> [Material for the task]:

━━━━━━

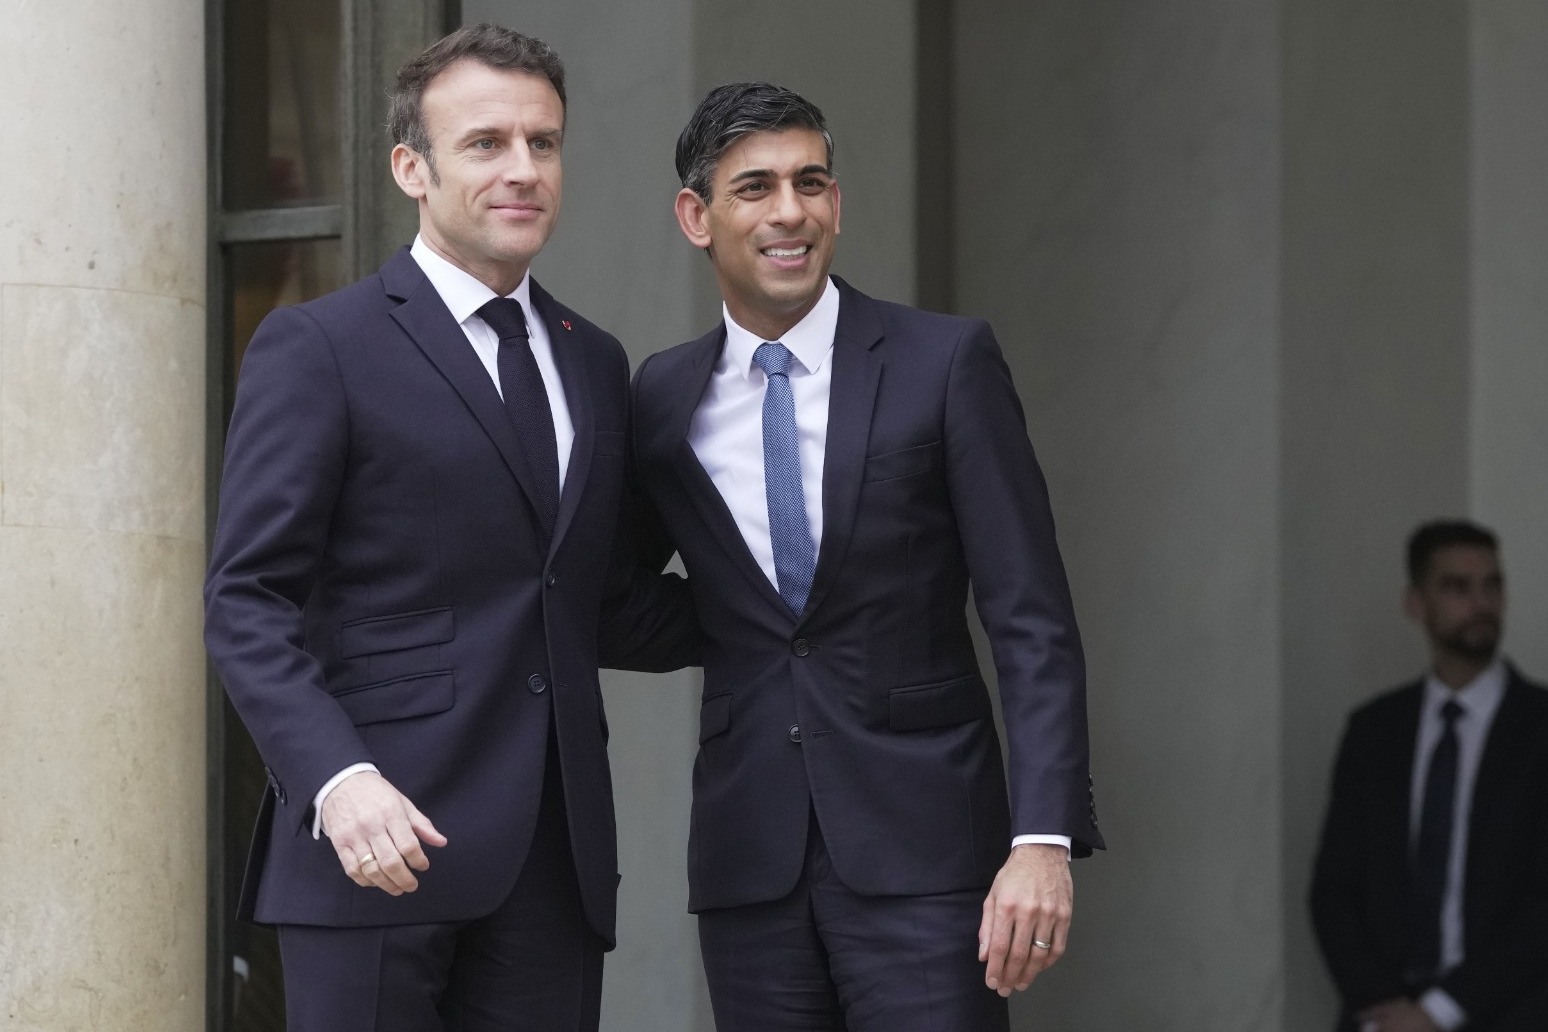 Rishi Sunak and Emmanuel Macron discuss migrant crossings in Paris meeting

━━━━━━

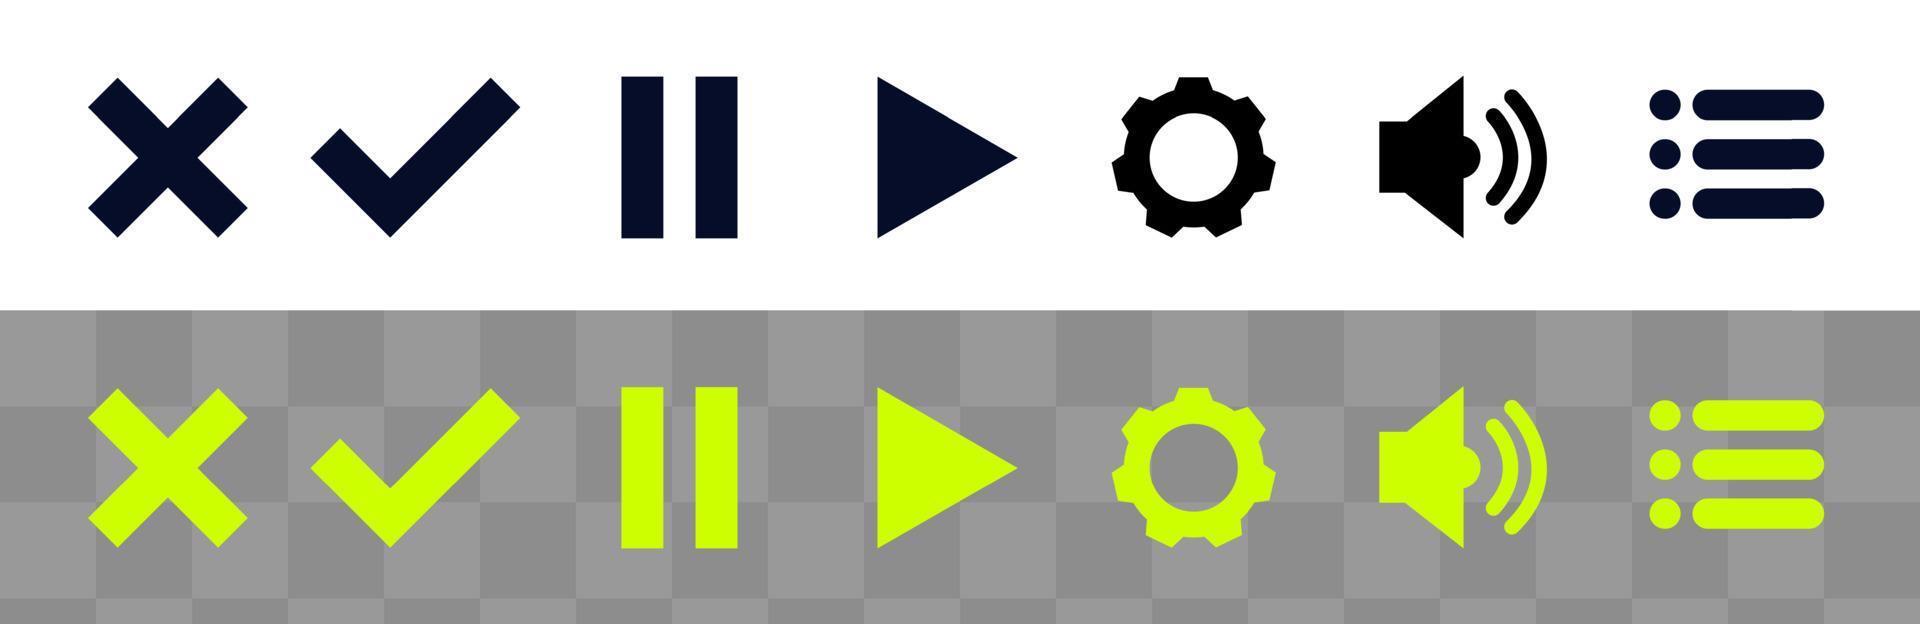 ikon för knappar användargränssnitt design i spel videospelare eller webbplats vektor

━━━━━━

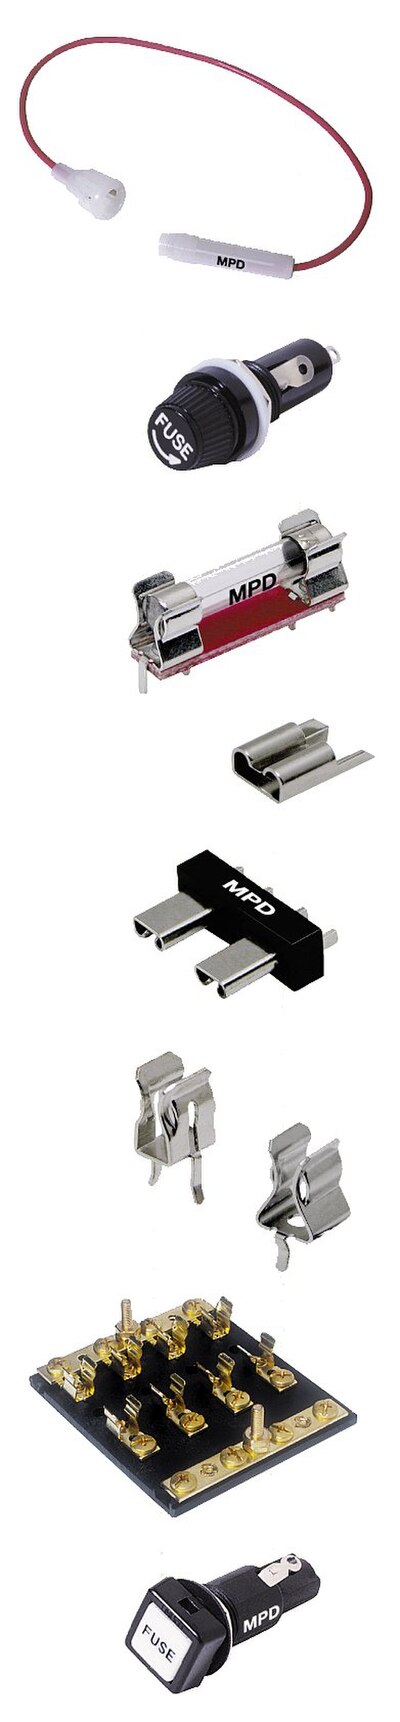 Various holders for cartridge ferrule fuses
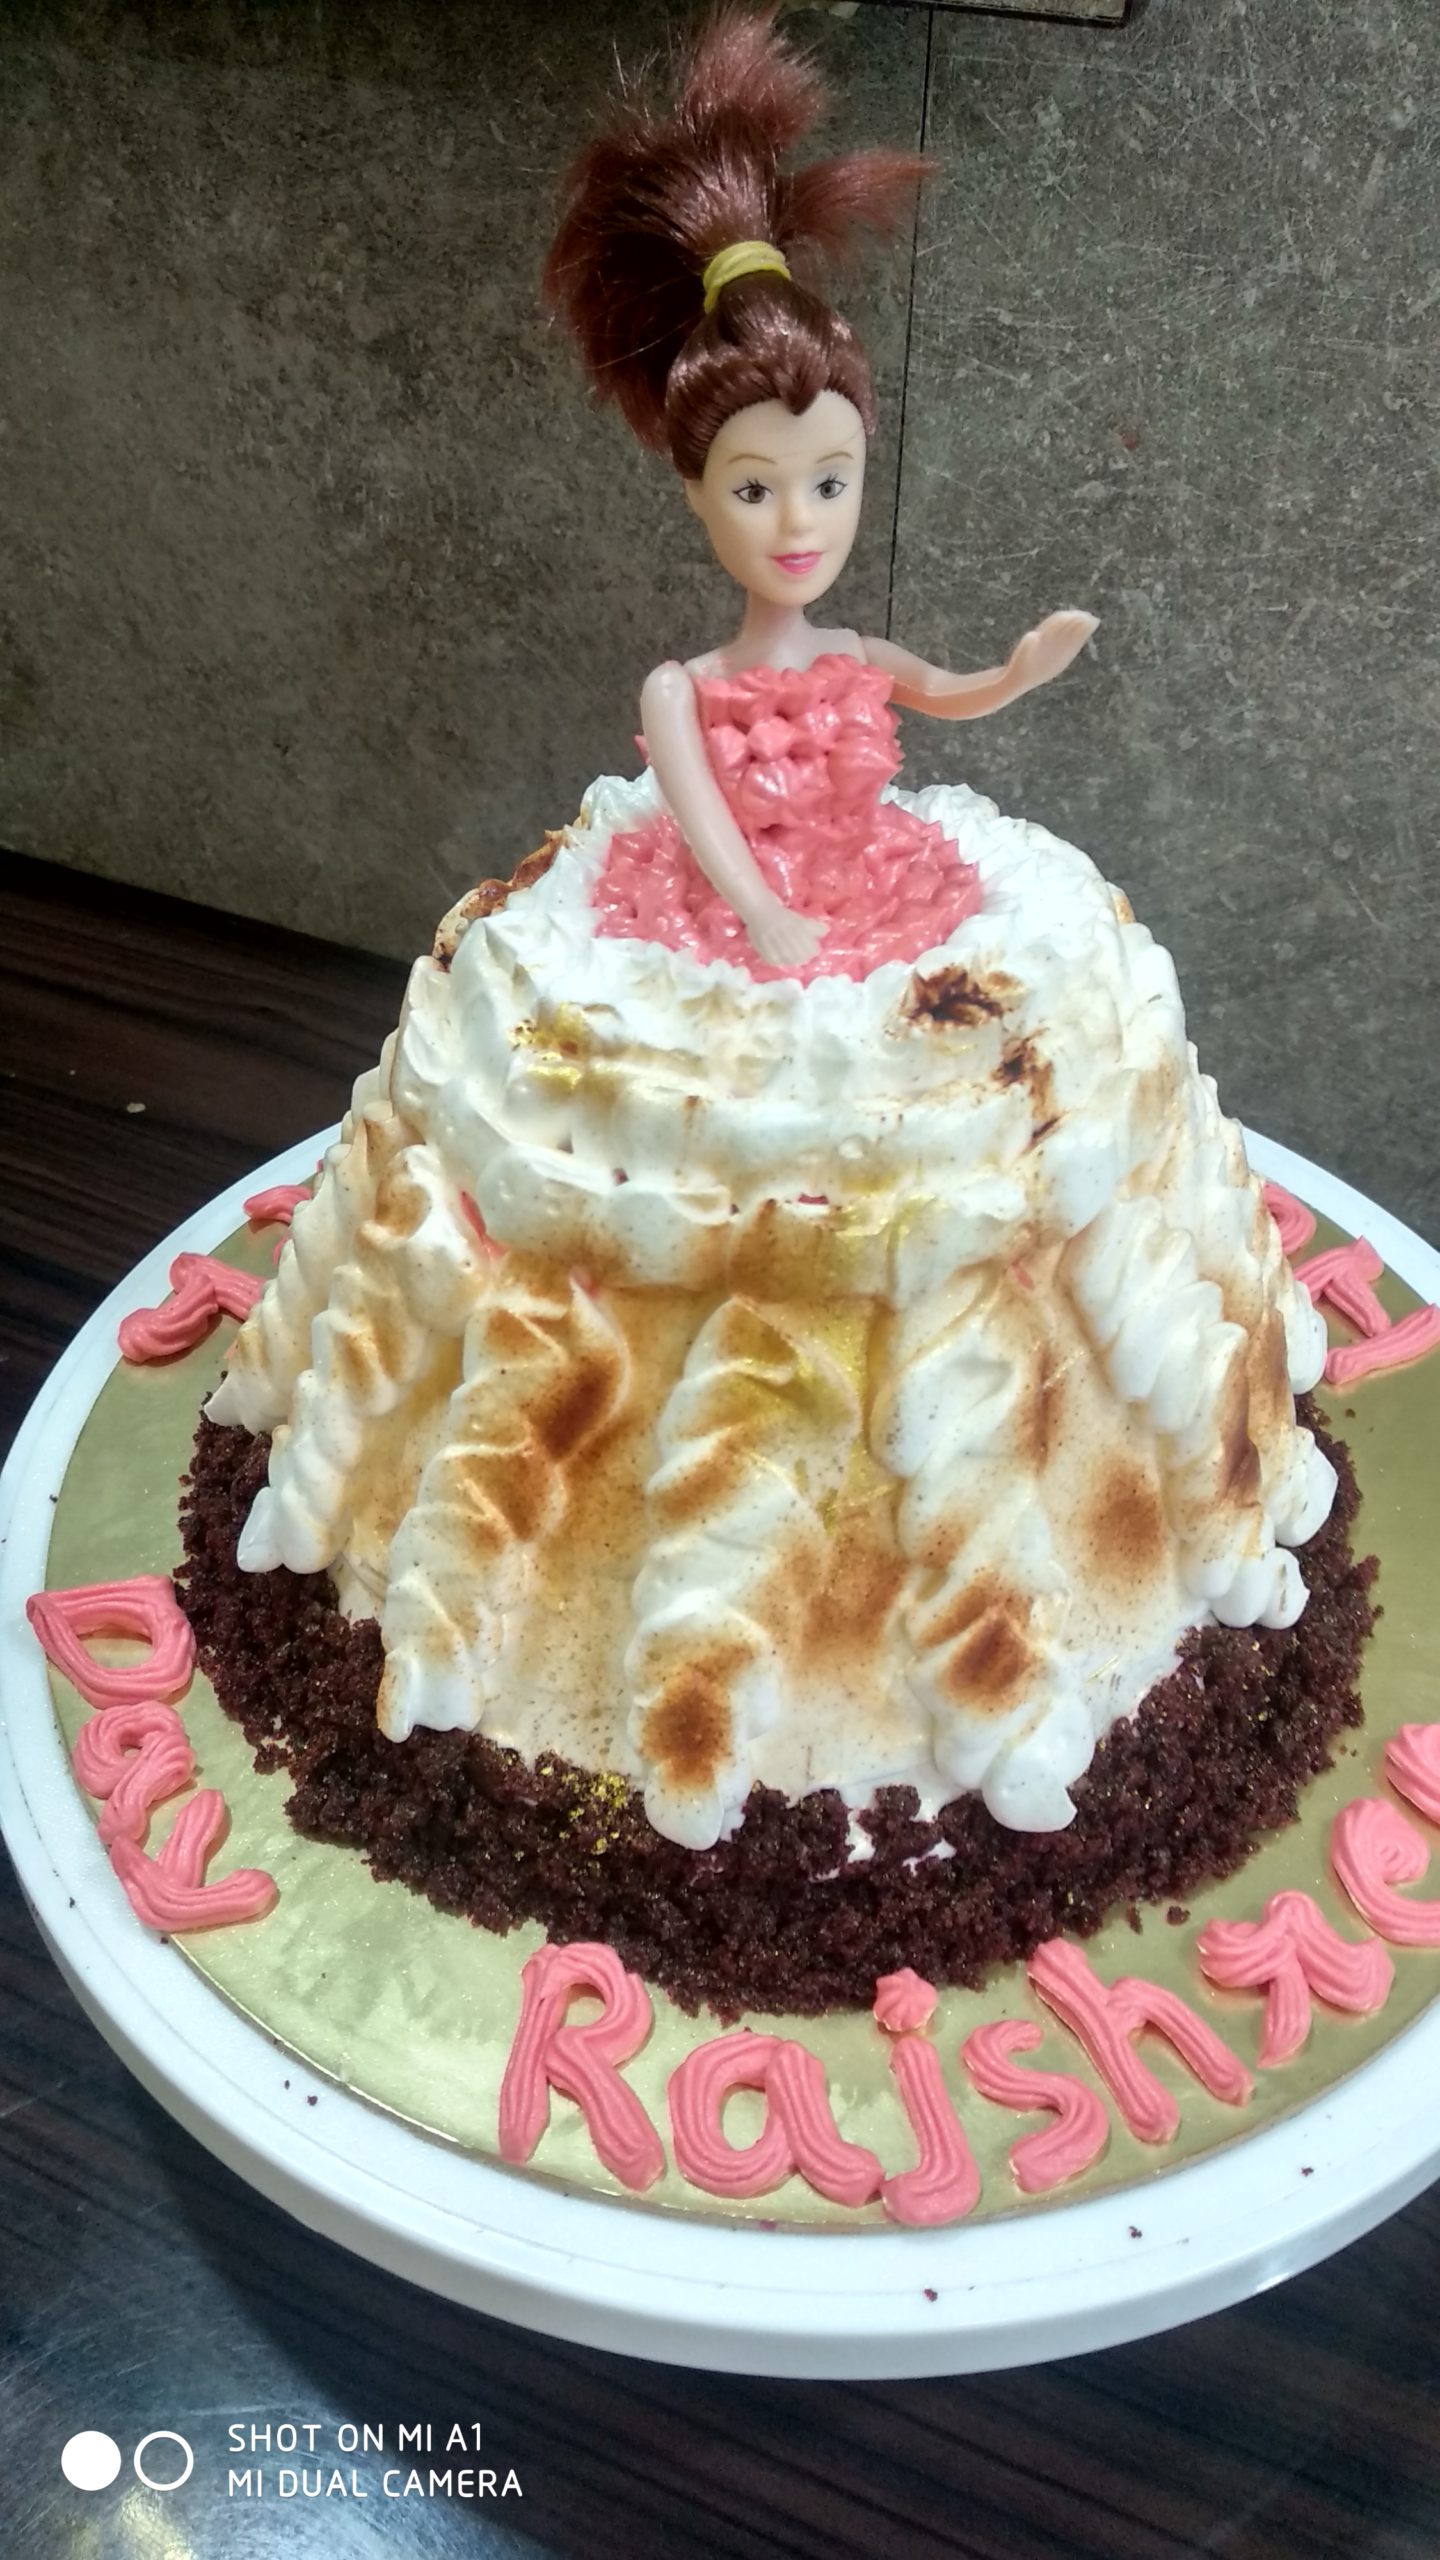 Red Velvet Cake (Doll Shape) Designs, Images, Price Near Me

━━━━━━

> [What to produce]: All pictures are to be skipped. Output, word for word, the lines in the data above starting at the line containing "Various holders for cartridge ferrule fuses" and ending at the line containing "Red Velvet Cake".

> [Answer area]:
 Various holders for cartridge ferrule fuses
 Red Velvet Cake (Doll Shape) Designs, Images, Price Near Me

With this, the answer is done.